# Data below

------------------------------------------------------------------------

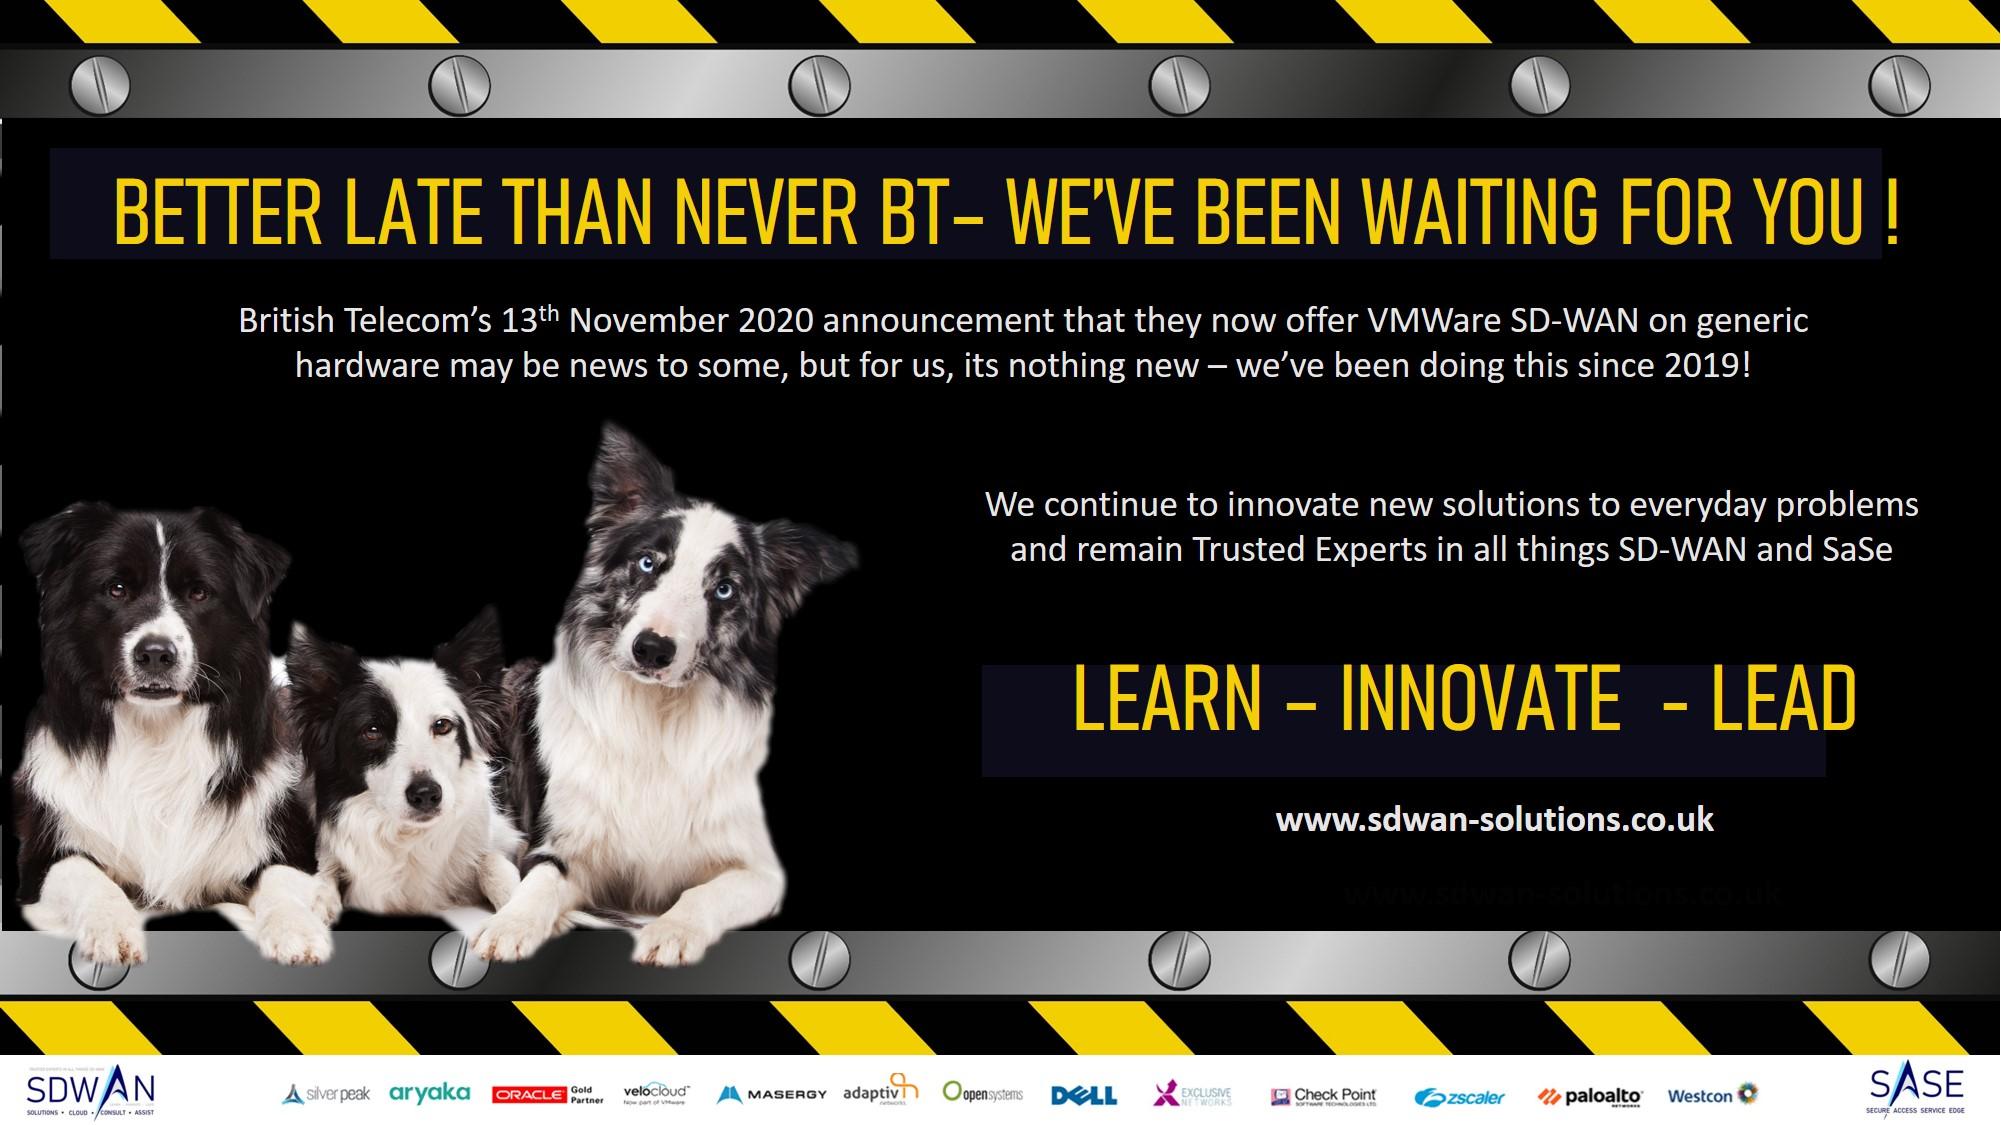 SDWAN Solutions innovation 2 years ahead of BT
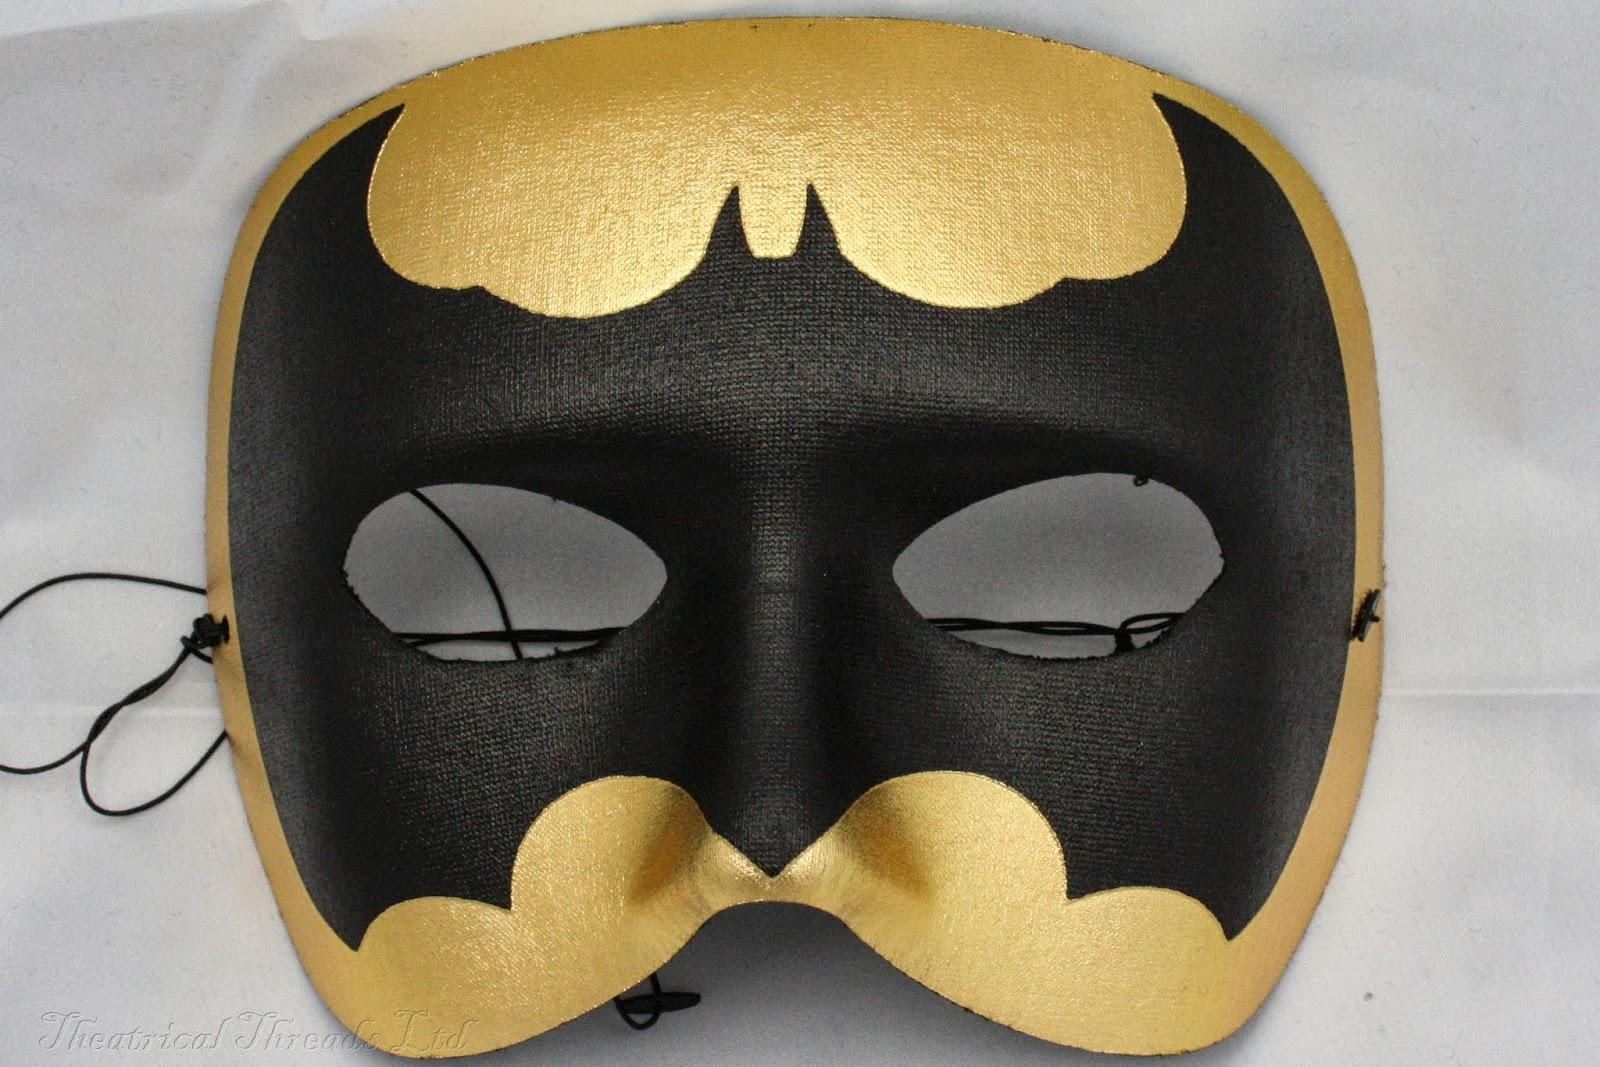 6e87f7197453 Bat Masquerade Ball Mask from Theatrical Threads Ltd
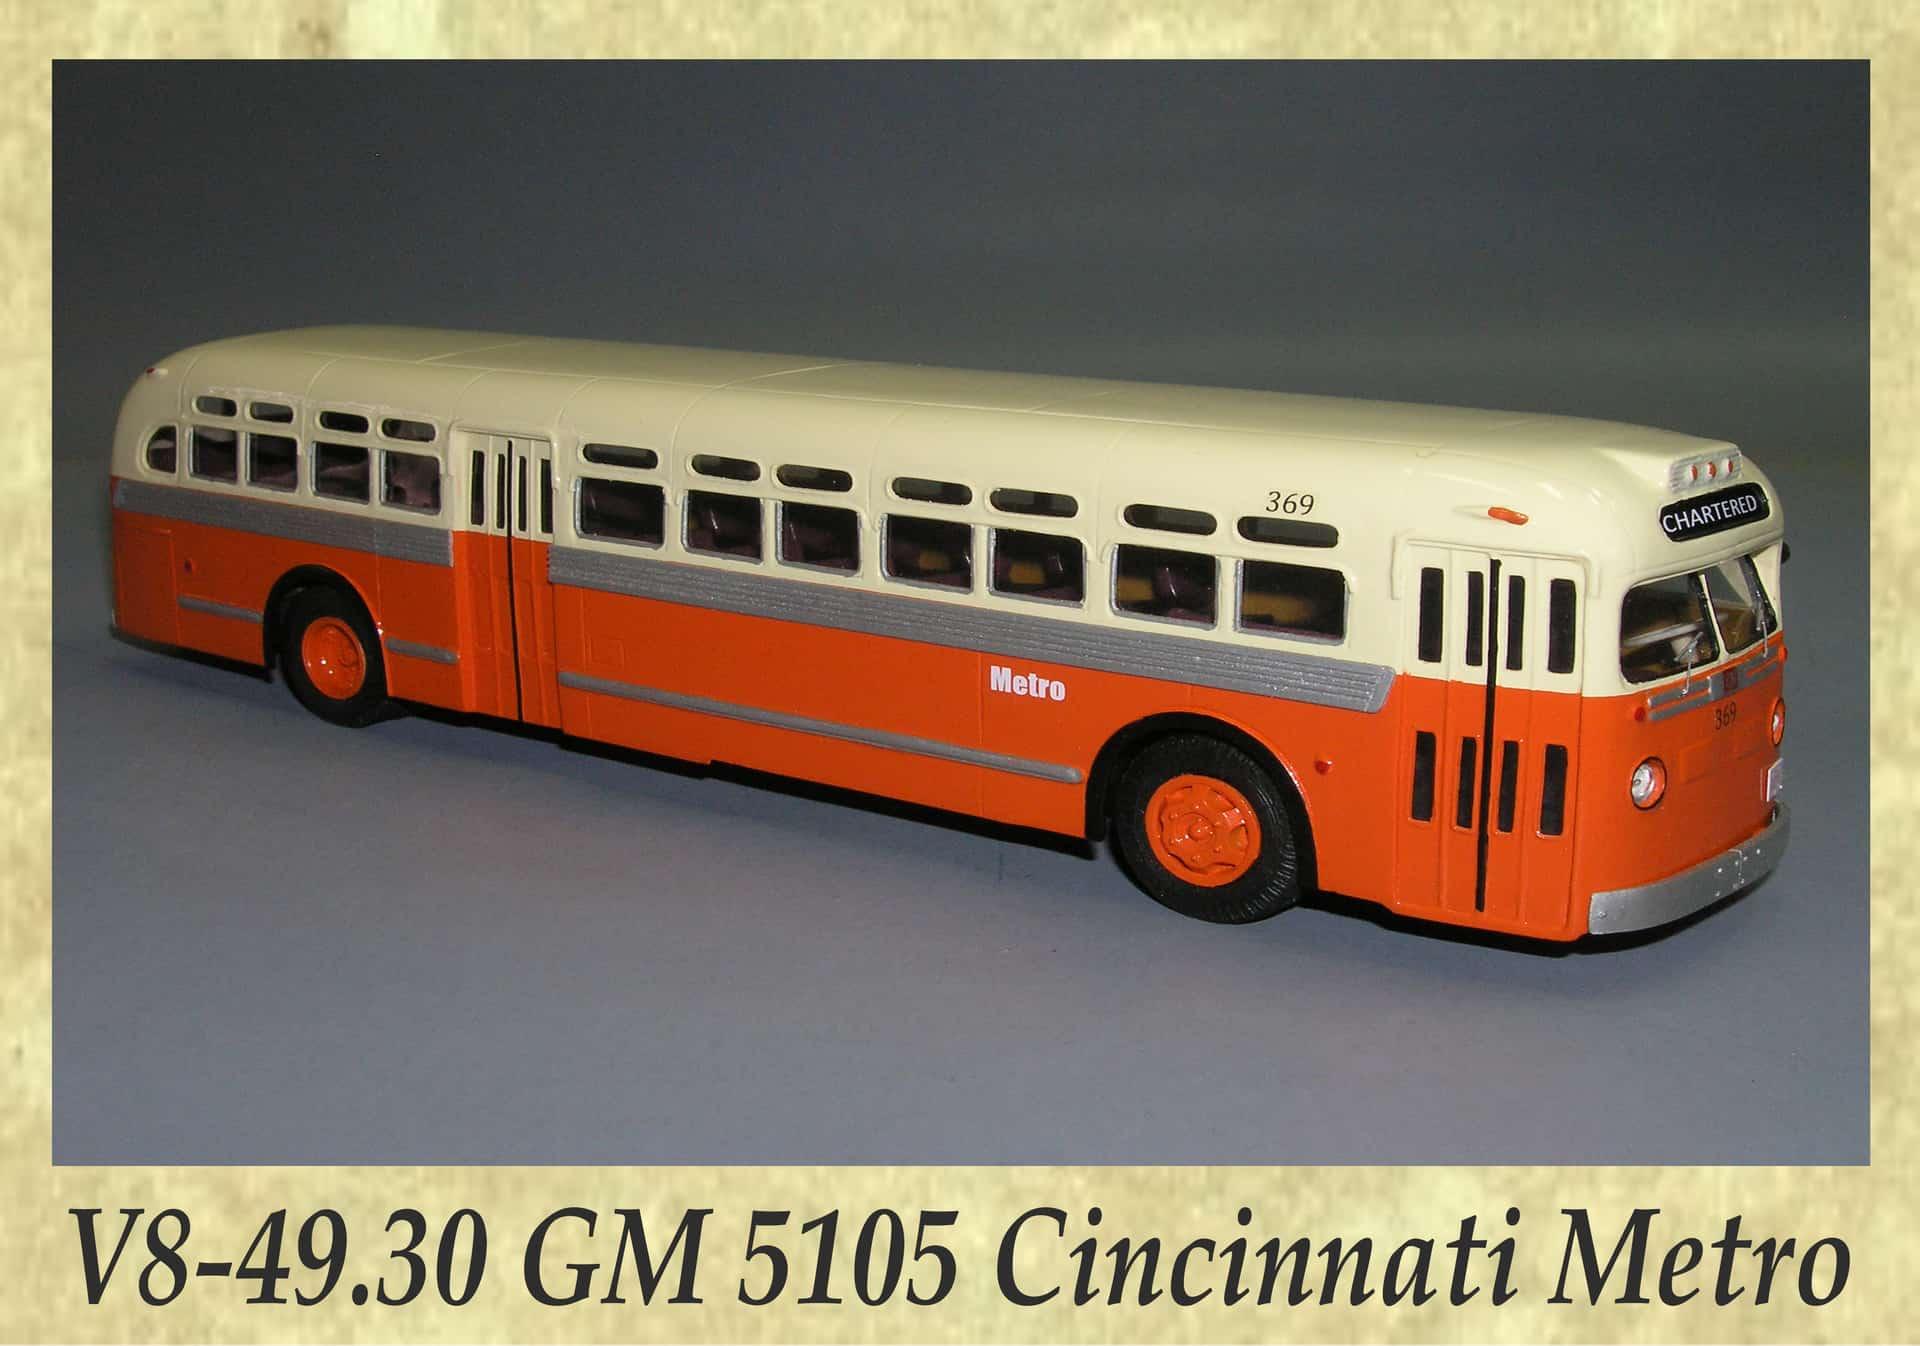 V8-49.30 GM 5105 Cincinnati Metro

------------------------------------------------------------------------

Retype word for word all the material given above, and keep the pictures out.

# Your solution
 SDWAN Solutions innovation 2 years ahead of BT
 6e87f7197453 Bat Masquerade Ball Mask from Theatrical Threads Ltd
 V8-49.30 GM 5105 Cincinnati Metro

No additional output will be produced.